An Interview With The CAO Of Thorsby

  • Oct. 16, 2014 11:00 a.m.

Pipestone Flyer

Interview Submitted to Linda Steinke

How would you describe the past six months?

There has been a lot of change. From the day-to-day operation and management of the fire department to a by-election, the Village has seen substantial operational and political change over the past six months. I expect there will be more change underway as Council begins its budget discussions.

What change has been the most challenging to implement?

The new water rate has been challenging to implement. The reality is water was being subsidized through property taxes, which is an unfair way to pay for water, especially if you have low-consumption. Basically, residents were giving a discount to high volume users. The new water price involved rate shock. Council continues to explore ways to adjust the rate and ensure that it is priced in a way that is fair to consumers. We need a better system where price increases can be phased in over time. We also need to build our financial reserves to replace our aging water and sewer infrastructure.

What do you like most about Thorsby?

I must say I am a fan of the Chinese Restaurant in town. I will grab a bite before Council meetings. I also enjoy the Arctic Spa Recreation Centre. I joined a bike spin class and have taken my kids bowling several times. The community is fortunate to have such a great facility at its doorstep.

At Council meetings, there are concerns about the community’s ability to afford the Recreation Centre. What are your thoughts?

Very few recreation centres in the region or the province break even financially. Recreation is a social good. Indoor recreation gives residents an opportunity to stay active and healthy throughout the year and is a tool to market the community as a great place to live, work, and play. With that being said, we have to find ways to reduce operational costs. Recently, Council approved a keyless system so residents can access the weight room and field house outside of regular business hours. We hope this will increase the number of memberships. We are also condensing the ice schedule so we can reduce staff time to operate the facility. We are also working to find sponsors and increase revenue for the facility.

As CAO, what keeps you up at night?

Like many municipalities, our infrastructure needs replacement. Most people point to the condition of our roads as our greatest need. I tend to focus more on the stuff you can’t see, like our water and sewer lines. No municipality can exist without water and we need to ensure residents and businesses have stable and reliable access to water. We cannot afford to repair our roads and then have a waterline break. We need to fix what is underground first and then take care of the surface.

Are streets going to be repaired?

Yes, there will be a plan in place to maintain our road infrastructure. This year alone we spent over $60,000 on patching roads that had been damaged by waterline breaks. The Public Works staff (Phil, Ted, and Taylor) have worked very hard and filled over 800 potholes using 7 tonnes of materials.

To put that volume in perspective, that’s the equivalent of 7 baby elephants or 9,338 cans of pop. It is also a testament to the poor condition of our roadways.

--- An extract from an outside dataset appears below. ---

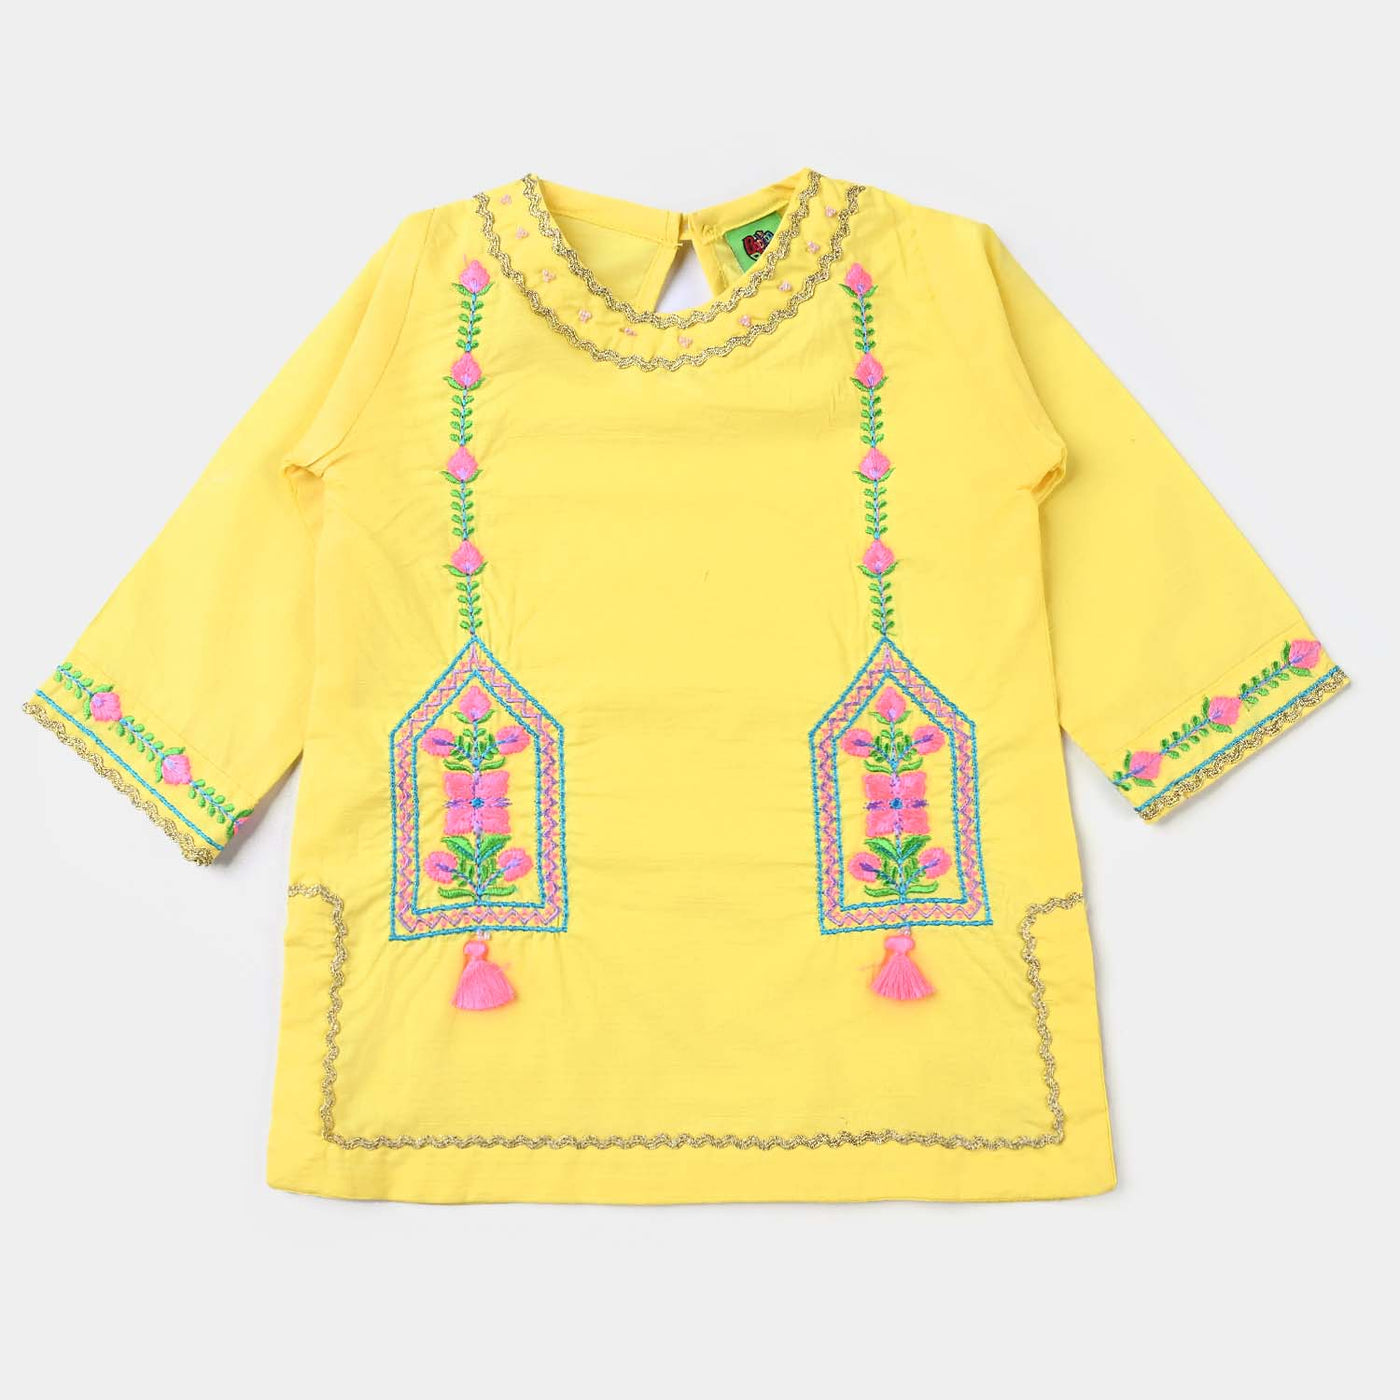 Infant Girls Cotton Slub EMB 2PC Suit Neon Garden-B.Yellow

What has been your biggest achievement to date?

When I arrived in Thorsby, it drove me crazy driving over the train tracks. It was so bumpy. Public Works staff would find hubcaps scattered around the tracks. I managed to strike a deal with CP Rail to have the tracks paved and now the ride through the Village is much smoother. In addition, I negotiated a deal to use CP Rail’s lands for a snow dump site at no cost. This will save the community thousands of dollars and make our snow removal efforts more efficient.

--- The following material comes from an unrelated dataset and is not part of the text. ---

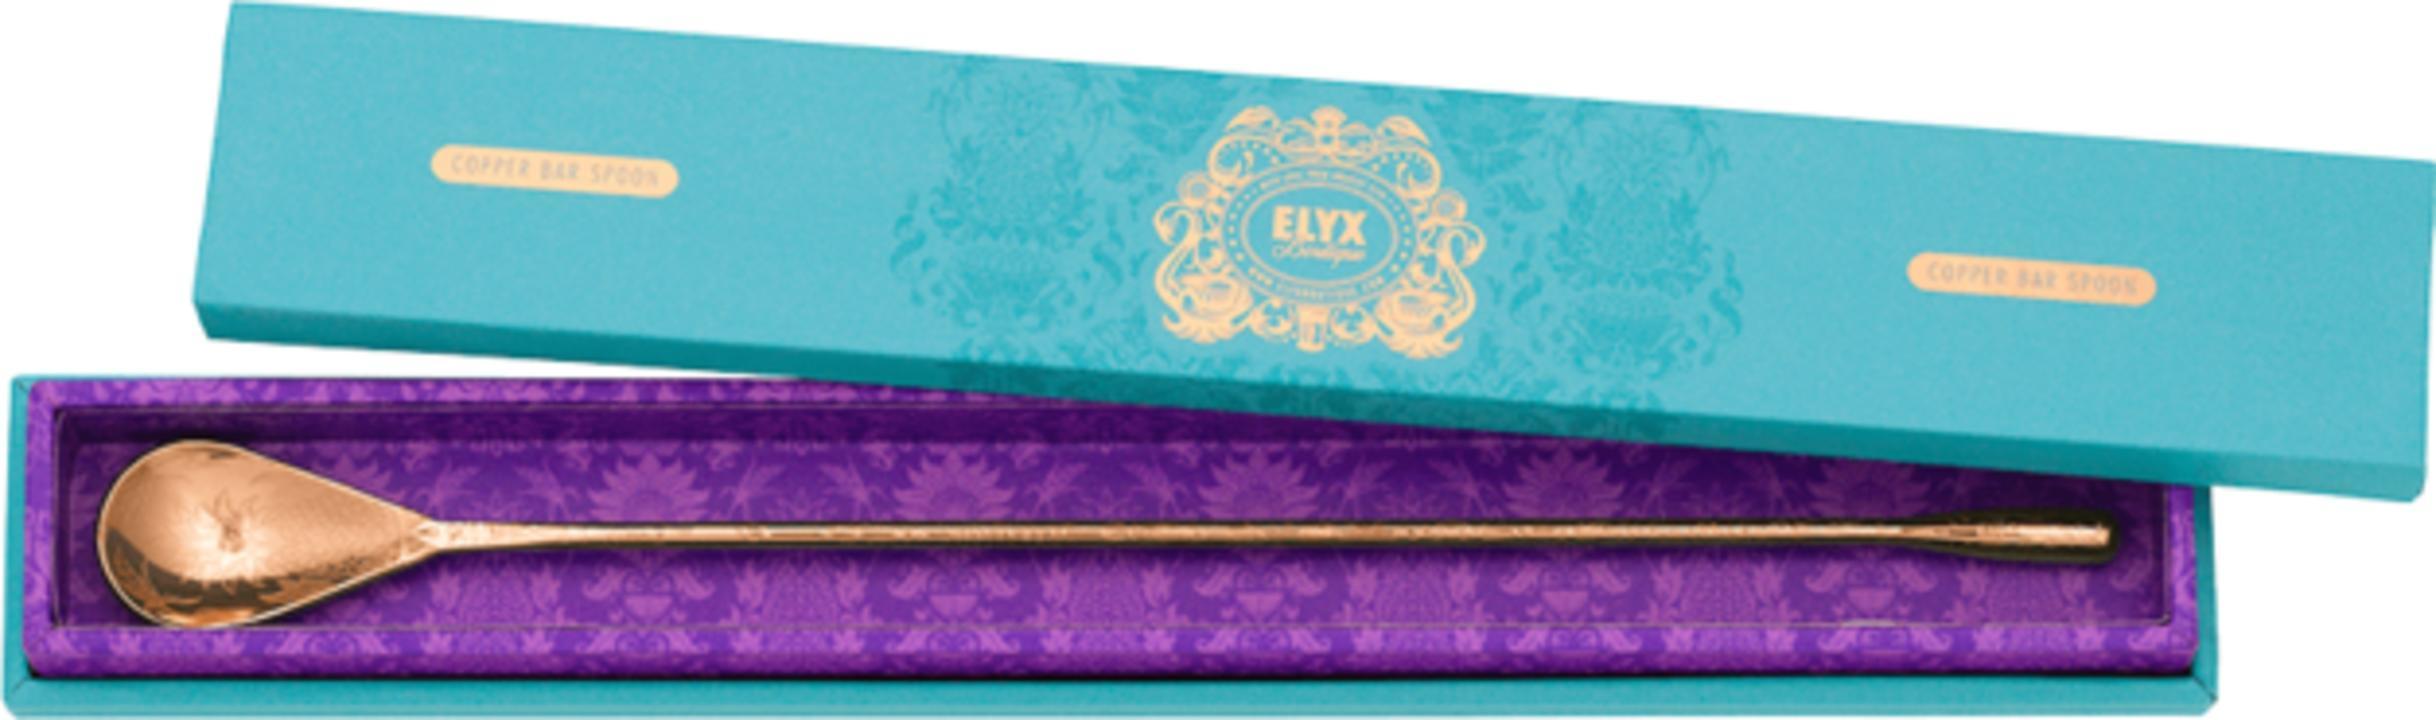 Absolut Elyx Copper Bar Spoon Gift Box

Speaking of snow, what is being done to improve snow removal in the community?

Council approved the purchase a new front loader. The equipment will be arriving from England shortly. It is the most versatile piece of equipment we could purchase. The old bobcat system we had in place was very inefficient and could remove only small amounts of snow at a time. Residents should notice streets being cleared faster than ever before.

What’s on your plate going forward?

We are entering budget season and I expect Council to have a healthy debate about service levels. There is also a committee exploring the future of the community hall. On top of this, there is work underway to see what efficiencies can be identified by working more closely with Calmar, Warburg, and Breton. For example, I managed to negotiate a waste management agreement for all of the communities that will see a reduction in fees charged to consumers. The future of the community depends on cooperation with our neighbours and finding ways to share resources.